The north and south elevations each have a bank of fourteen awning windows sheltered by a sunshade awning with lattice triangular panels to each end. The south elevation also contains a porch entrance to the east verandah and the north elevation contains two small windows to the west corner. The building is planned about a single room with lateral verandahs. The building has been altered but some original fabric remains including timber linings, doors and windows. The single room has been subdivided with concertina doors to form three rooms and partitioned spaces and enclosures added to the verandahs.

A small, single-room, rectangular, gable-roofed annexe extends from the centre of the east verandah. Clad externally with weatherboards, the annexe has two casement windows to the north and east elevations and the ceiling and interior walls are lined with tongue-and-groove boarding with coved mouldings to the corners and cornice.

The east verandah is enclosed and lined internally with tongue-and- groove boarding and coved mouldings to the corners and cornice. There is a bank of clerestorey louvres to the south of the annexe and three sets of clerestorey and six sets of half height louvres to the north. Rooms to the corners of the verandah have been partitioned with fibro cement sheeting. A plain timber door opens to the annexe. There is a porch entrance to the south and a plain timber door in the east wall to the north of the annexe.

The west verandah is approached by a central set of timber stairs. The corners of the verandah have been enclosed to the north for toilets and to the south for a small kitchen. Both enclosed areas open to the verandah. There are four timber casement windows to the west in the south corner and three timber casements windows to the west in the north corner. The open middle portion of the verandah has a timber handrail and two horizontal midrails and a single stop chamfered verandah post at the top of the stair. The west verandah has exposed stud framing and is lined with chamfer boards. There are three sets of triple sash windows to the centre with timber doors to each side and an additional timber door near the north enclosure. There are tilting fanlights above all doors. The panel and sheeted French doors to north of the windows are stop chamfered to the interior. Tusk tenon joints to the framing of the windows and doors.
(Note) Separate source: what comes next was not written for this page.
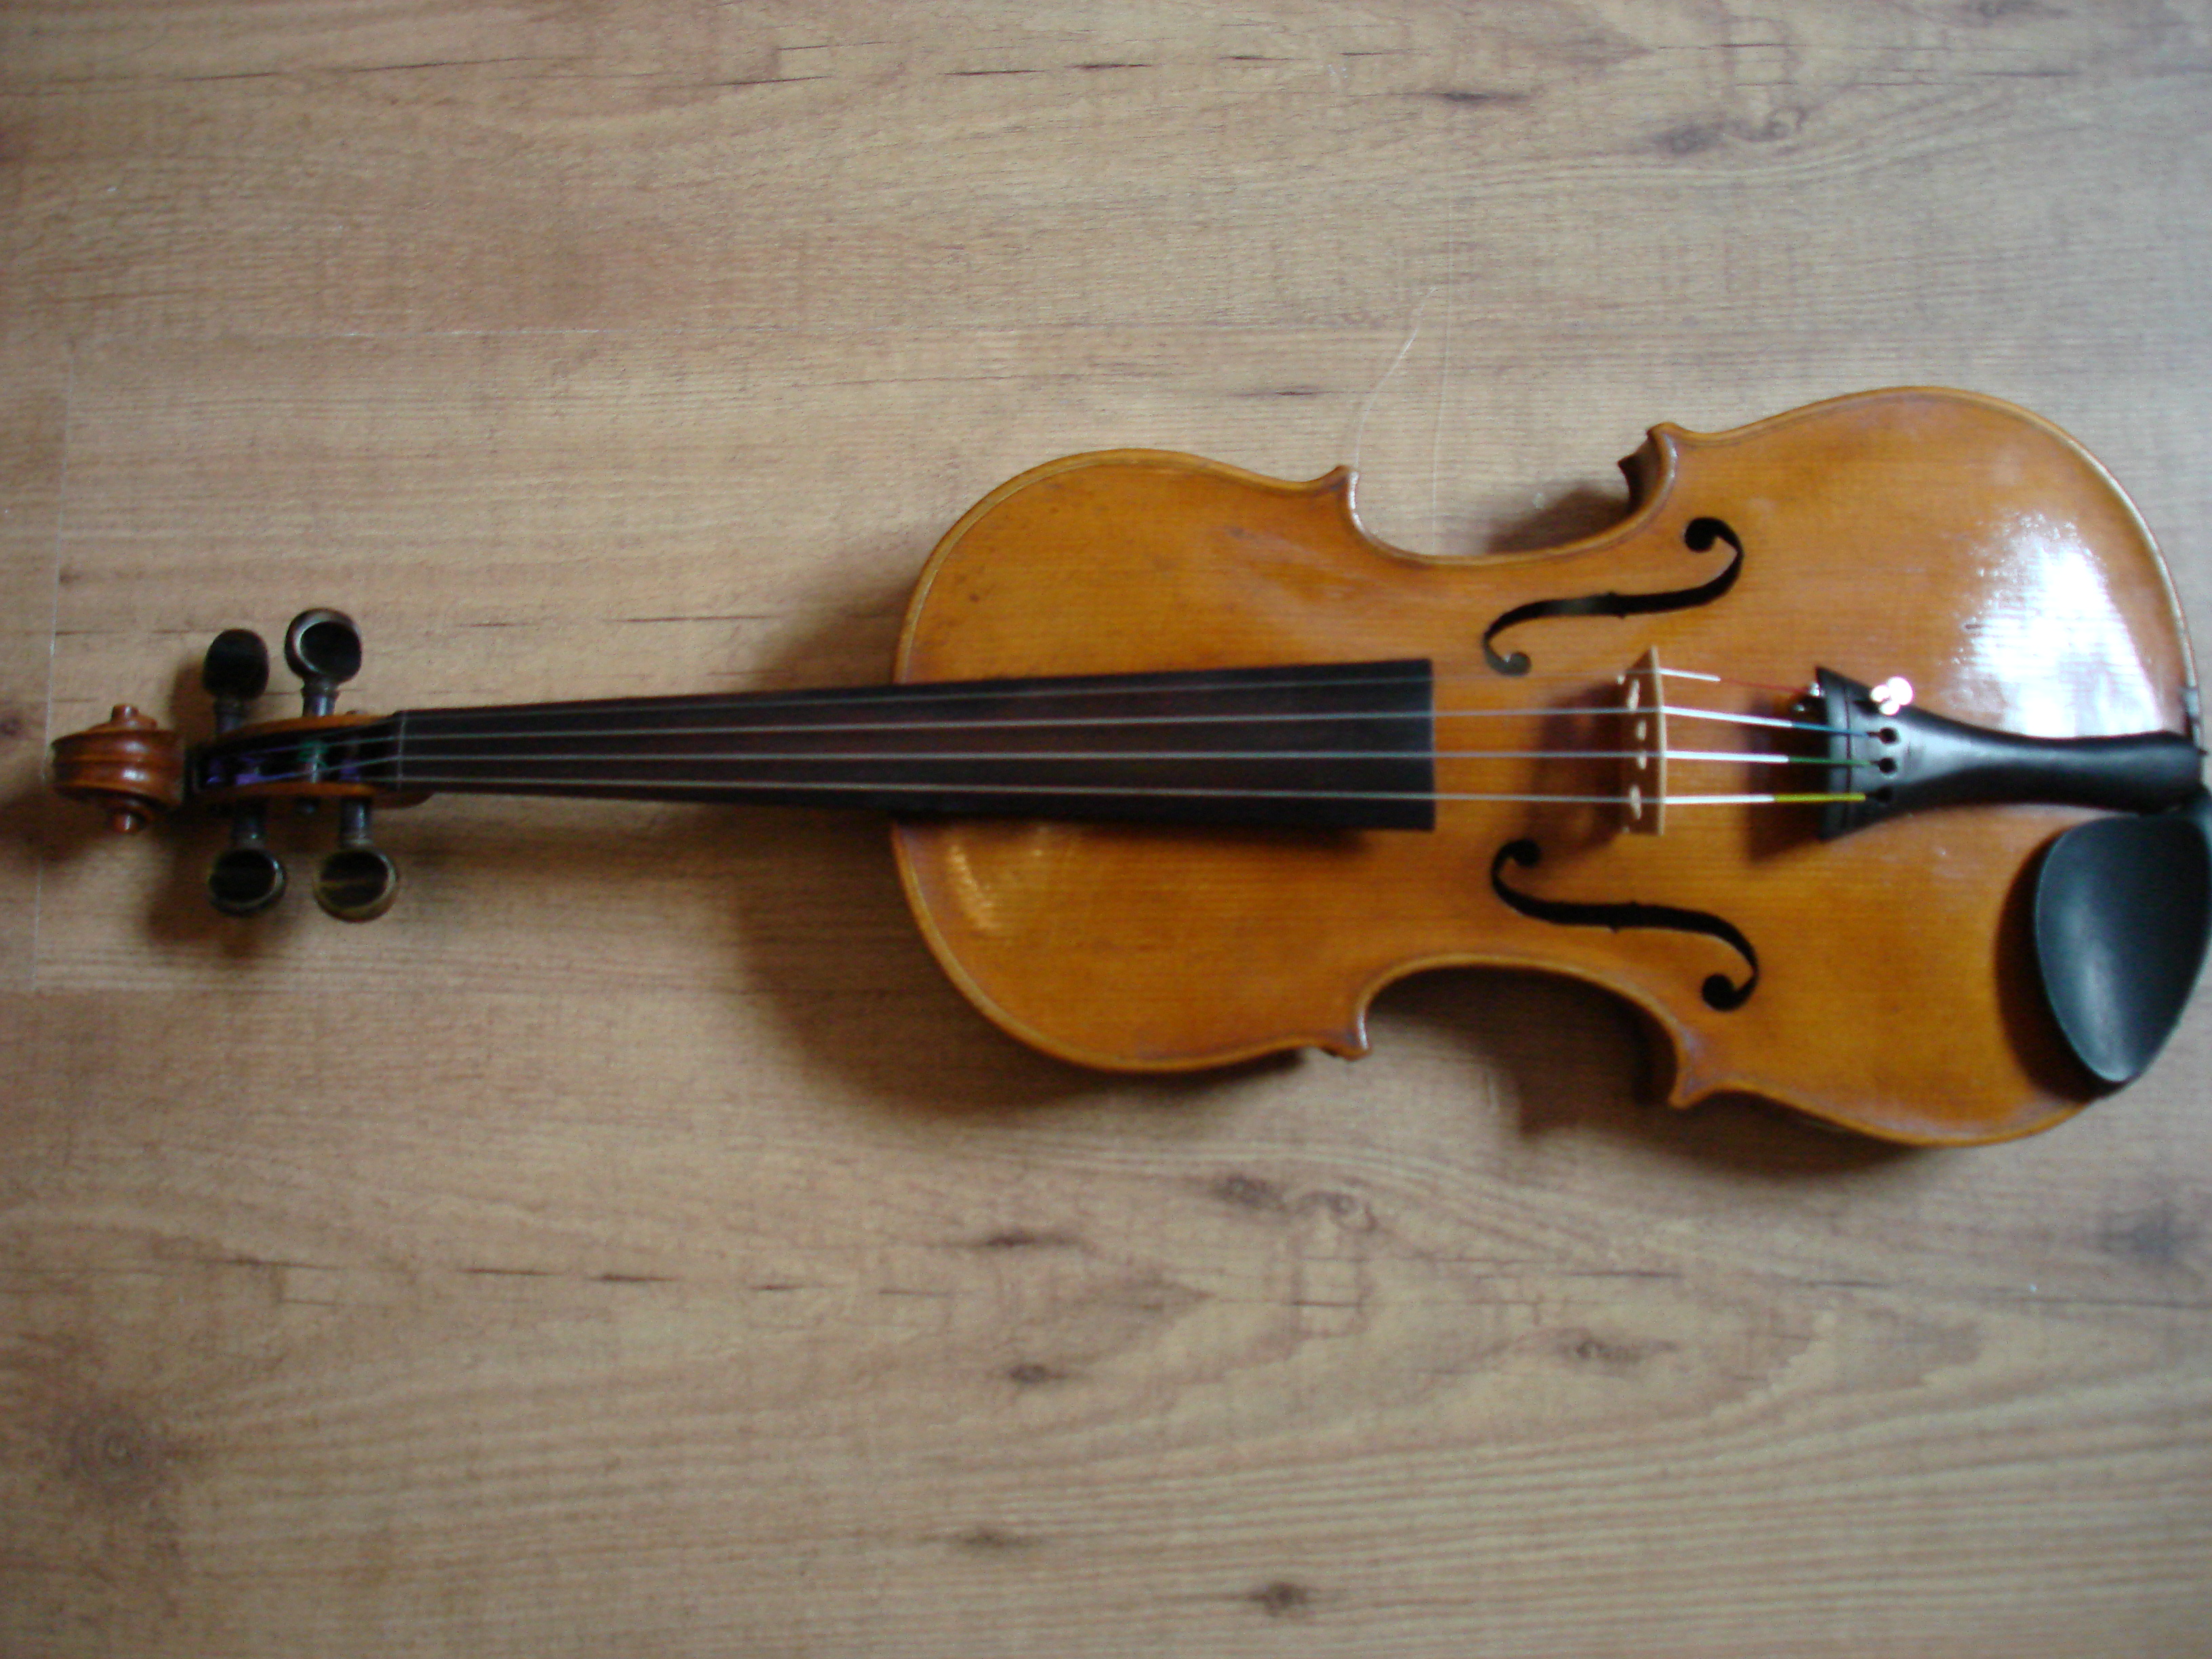 Saksische viool €1.200,-
Taxatierapport aanwezig

The main room has a coved ceiling lined with tongue-and-groove boarding with coved corner mouldings and cornice and exposed timber truss bases. There are winding mechanisms for the tilting fanlights.

== Heritage listing ==
Block B of Gladstone Central State School was listed on the Queensland Heritage Register on 28 July 2000 having satisfied the following criteria.

The place is important in demonstrating the evolution or pattern of Queensland's history.

Block B is significant historically for its association with the important work of primary school education in Gladstone since the early 1900s,

The place has a strong or special association with a particular community or cultural group for social, cultural or spiritual reasons.

Block B has had a special association for generations of Gladstone residents as a place important in their personal histories.